Ladies, to all who may be reading, be encouraged and love YOU! Know that you are loved because your Father in Heaven would have it no other way. In 2012 I received my GED. I am looking forward to furthering my education and becoming all that God has called me to be. What has God called you to be?

Aisha

14 February 2013

What Is Love?


Love each other. Just as I have loved you 

- John 13:34

 

I used to think love was showing affection and lavishing special people in my life with gifts. I also used to think love represented that flutter sensation you'd feel in the pit of your stomach when you're dating someone new. As I matured spiritually, I began to understand that love is not necessarily showing affection, giving gifts or butterfly sensations. Love is a spiritual attitude that you purposefully and consciously walk in.

"Love is patient and kind. Love is not jealous, boastful, proud or rude. It does not demand its own way. It is not irritable, and it keeps no record of being wronged. It does not rejoice about injustice but rejoices whenever truth wins out.

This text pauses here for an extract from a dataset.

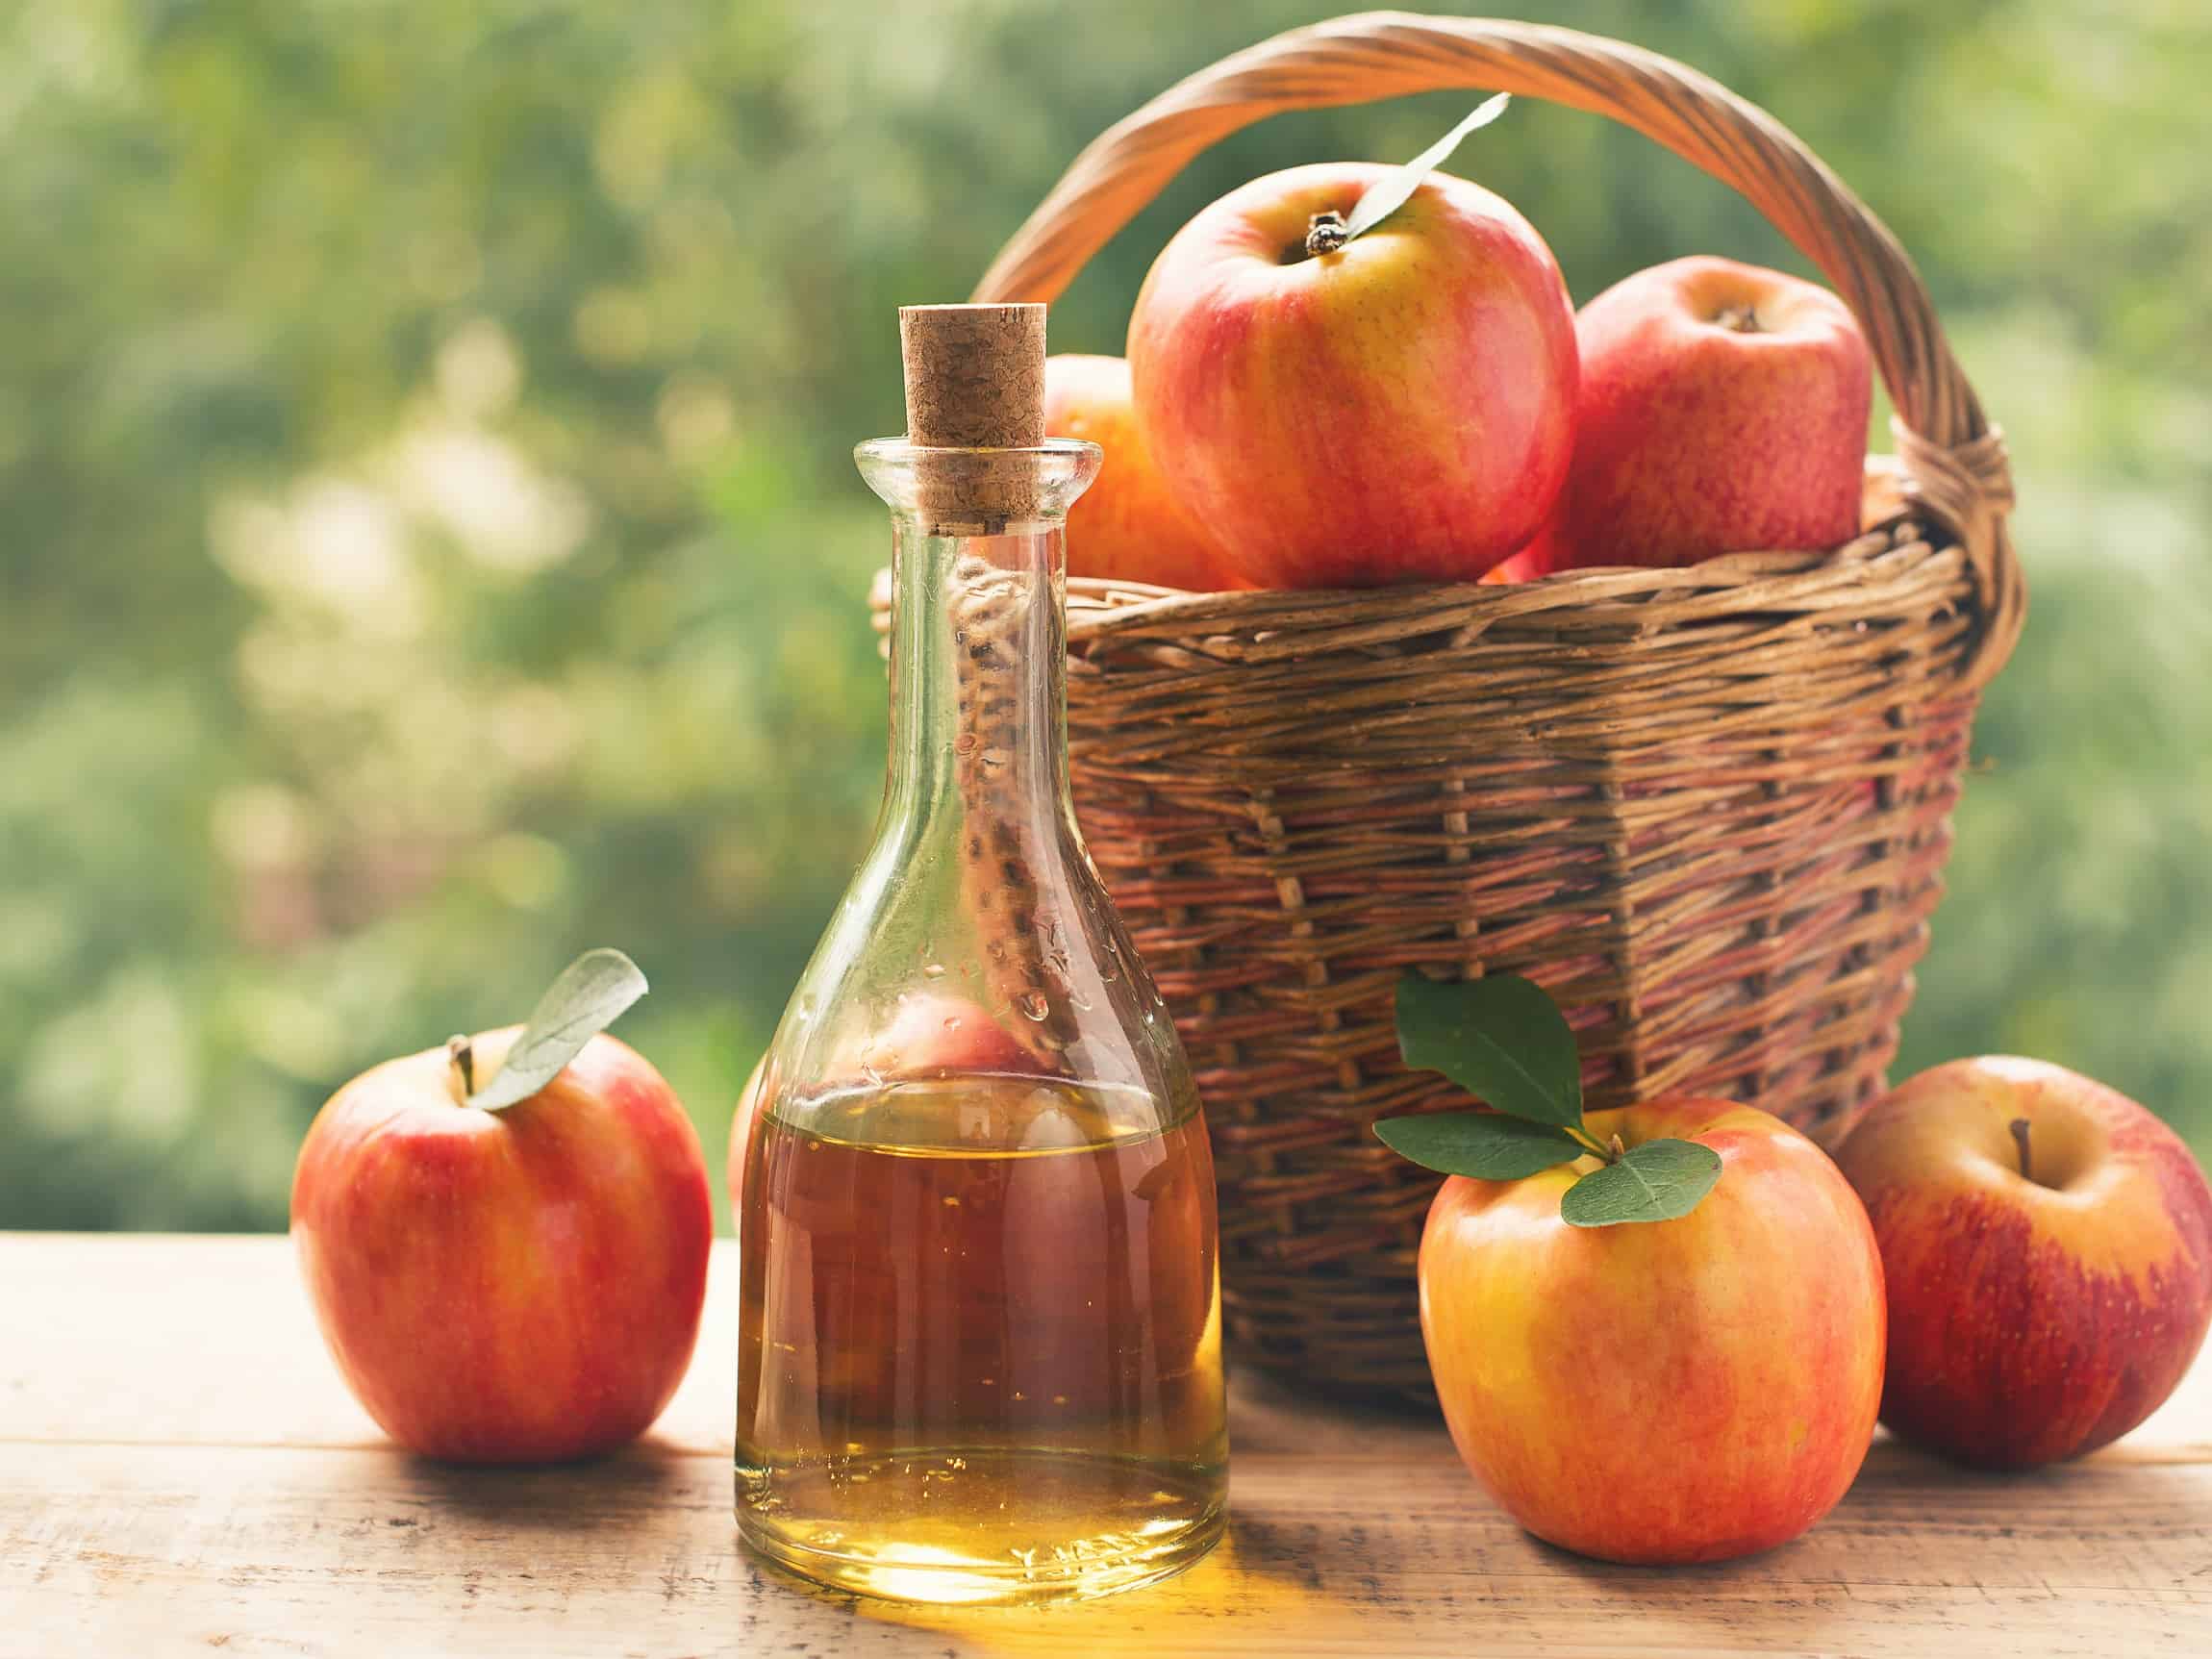 How does apple cider vinegar help with hair and scalp care?

Love never gives up, never loses faith, is always hopeful, and endures through every circumstance", I Corinthians 13:4 nlt.

I Love this passage! No pun intended lol! Love is action! Love is being and doing all of the things described even when you don't feel like it or better yet even when its not being done to you! (I don't condone physical or verbal abusive and feel a person should remove themselves from that situation if possible). "Love one another the way I have loved you", says Christ. This is very very difficult to do because the majority of us are not naturally built this way. We want to defend ourselves when people do us wrong and we want to put people in their place when they’ve hurt us. I've learned It's OK to defend myself and confront people on issues, but it's supposed to be done in a loving way.

Many of you have read my brief story regarding my marriage in The Power of Prayer blog.  I shared with you how praying bible scriptures helped turn things around. Love was also an important factor in restoring my marriage. The first couple of years were very difficult, as most marriages are in the beginning. We were in a make it or break it season and I wanted my marriage to make it! I wanted God to show me how to be a good wife hoping that would change my situation. I shared with you how I found every bible scripture I could on being a wife and that I would emulate what I read. One day I came across I Corinthians 13. I was challenged not to settle for being just a good wife but a loving wife. It's easy to emulate something and put on a front for a period of time. But, It's difficult to allow a permanent internal change to take place, especially when what you are giving out seems like it’s not being reciprocated. I struggled, but I pressed my way through and learned the true meaning of love. In the end Love did not fail me. I not only became a loving wife but a loving person. The love that I now understand was not just confined to my husband but to others as well. Have I arrived in the area of love? NO. Will I ever arrive? probably not. It's a process that I walk out every day with Gods help and conviction.

As you go about your day, try to be mindful of how you treat those that are close to you, on your job and people you meet daily. Remember to be patient and kind. Love can be a listening ear, a word of encouragement or even a hug. Don't worry about the love not being reciprocated especially if it's coming from a pure place. When you sow seeds of love you will eventually reap love and most times your harvest will be greater than what was sown.

Be blessed and enjoy your Valentines Day!